Request for Question Clarification by mathtalk-ga on 22 Jun 2003 20:43 PDT

Hi, july2003-ga:

I have compiled your program under Microsoft's Visual Studio .Net
2003.

The compiler emits fourteen warnings, about conversions (on '='
assignment) from double to float and the attendant possibility of loss
of precision.  However the program compiles and links successfully.

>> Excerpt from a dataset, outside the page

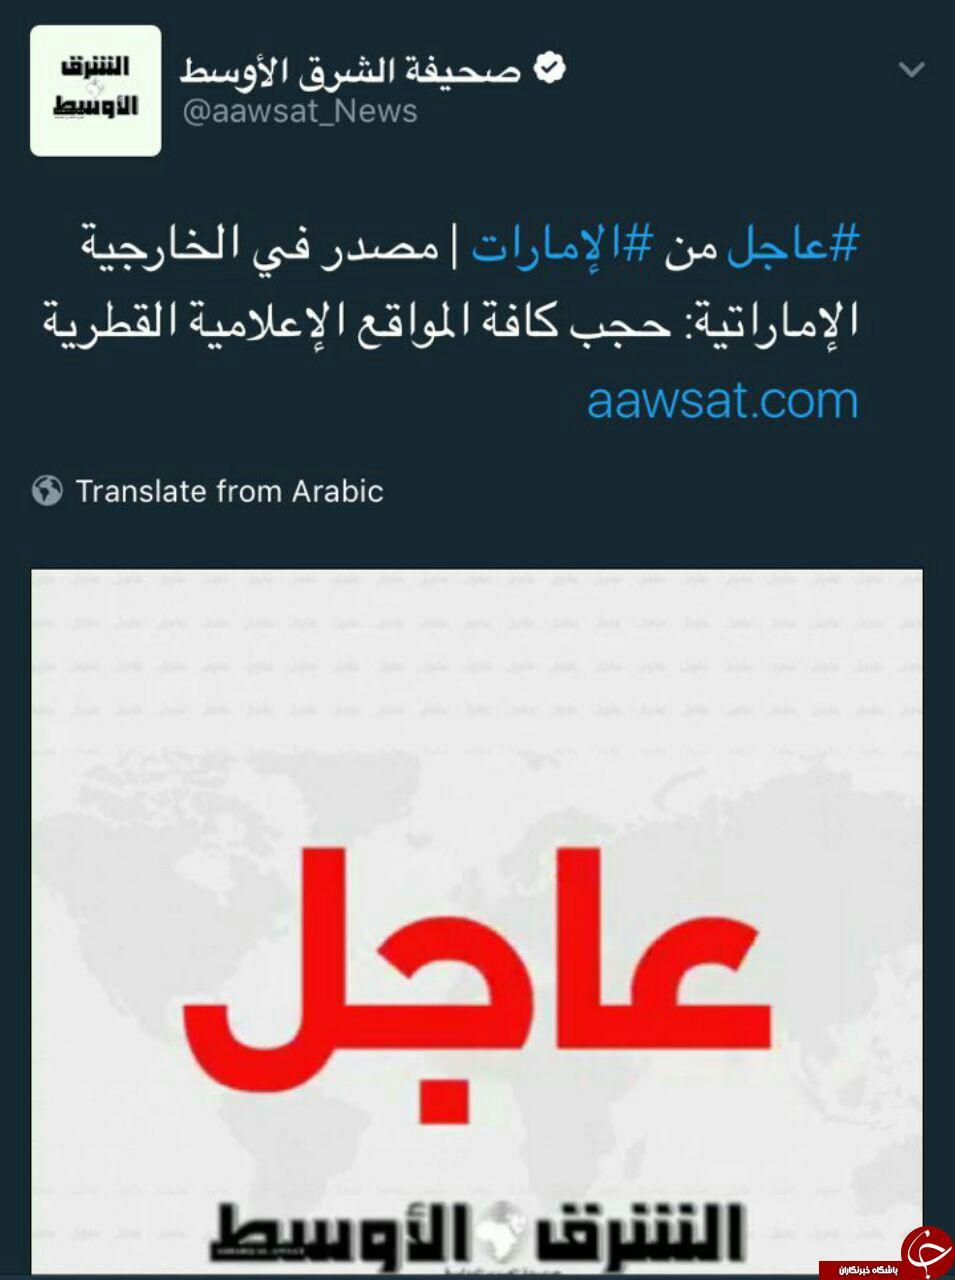 تمام سایت های رسانه ای قطر فیلتر شد!

When I run the program, there is no "run time crash" that occurs (at
least within the first ten minutes or so).  However the program
appears to be in an infinite loop.

Would you like me to post my analysis of the infinite loop as an
answer?  I will tell you in advance that it is connected with the
compiler warnings noted above.

regards, mathtalk-ga

---

Clarification of Question by july2003-ga on 22 Jun 2003 21:46 PDT

Hi mathtalk-ga 

Thanks for helping.
Would you able to fix it and let me know where did you fix (Like
highlighting it) since I am not familiar with this alogrithm and this
program is not originally developed by me.
Below is some infomation the author has provided in his code.
Thanks

/*******************************************************************************
 * FindPolynomialRoots
 *
 * The Bairstow and Newton correction formulae are used for a
simultaneous
 * linear and quadratic iterated synthetic division.  The coefficients
of
 * a polynomial of degree n are given as a[i] (i=0,i,..., n) where
a[0] is
 * the constant term.  The coefficients are scaled by dividing them by
 * their geometric mean.  The Bairstow or Newton iteration method will
 * nearly always converge to the number of figures carried, fig,
either to
 * root values or to their reciprocals.  If the simultaneous Newton
and
 * Bairstow iteration fails to converge on root values or their
 * reciprocals in maxiter iterations, the convergence requirement will
be
 * successively reduced by one decimal figure.  This program
anticipates
 * and protects against loss of significance in the quadratic
synthetic
 * division.  (Refer to "On Programming the Numerical Solution of
 * Polynomial Equations," by K. W. Ellenberger, Commun. ACM 3 (Dec.
1960),
 * 644-647.)  The real and imaginary part of each root is stated as
u[i]
 * and v[i], respectively, together with the corresponding constant,
 * conv[i], used in the convergence test.  This program has been used
 * successfully for over a year on the Bendix G15-D (Intercard System)
and
 * has recently been coded for the IBM 709 (Fortran system).
 */

---

Request for Question Clarification by mathtalk-ga on 22 Jun 2003 22:18 PDT

Well, as I delicately tried to hint, the central problem is not a line
wrong here or there, but the fundamental choice of precision.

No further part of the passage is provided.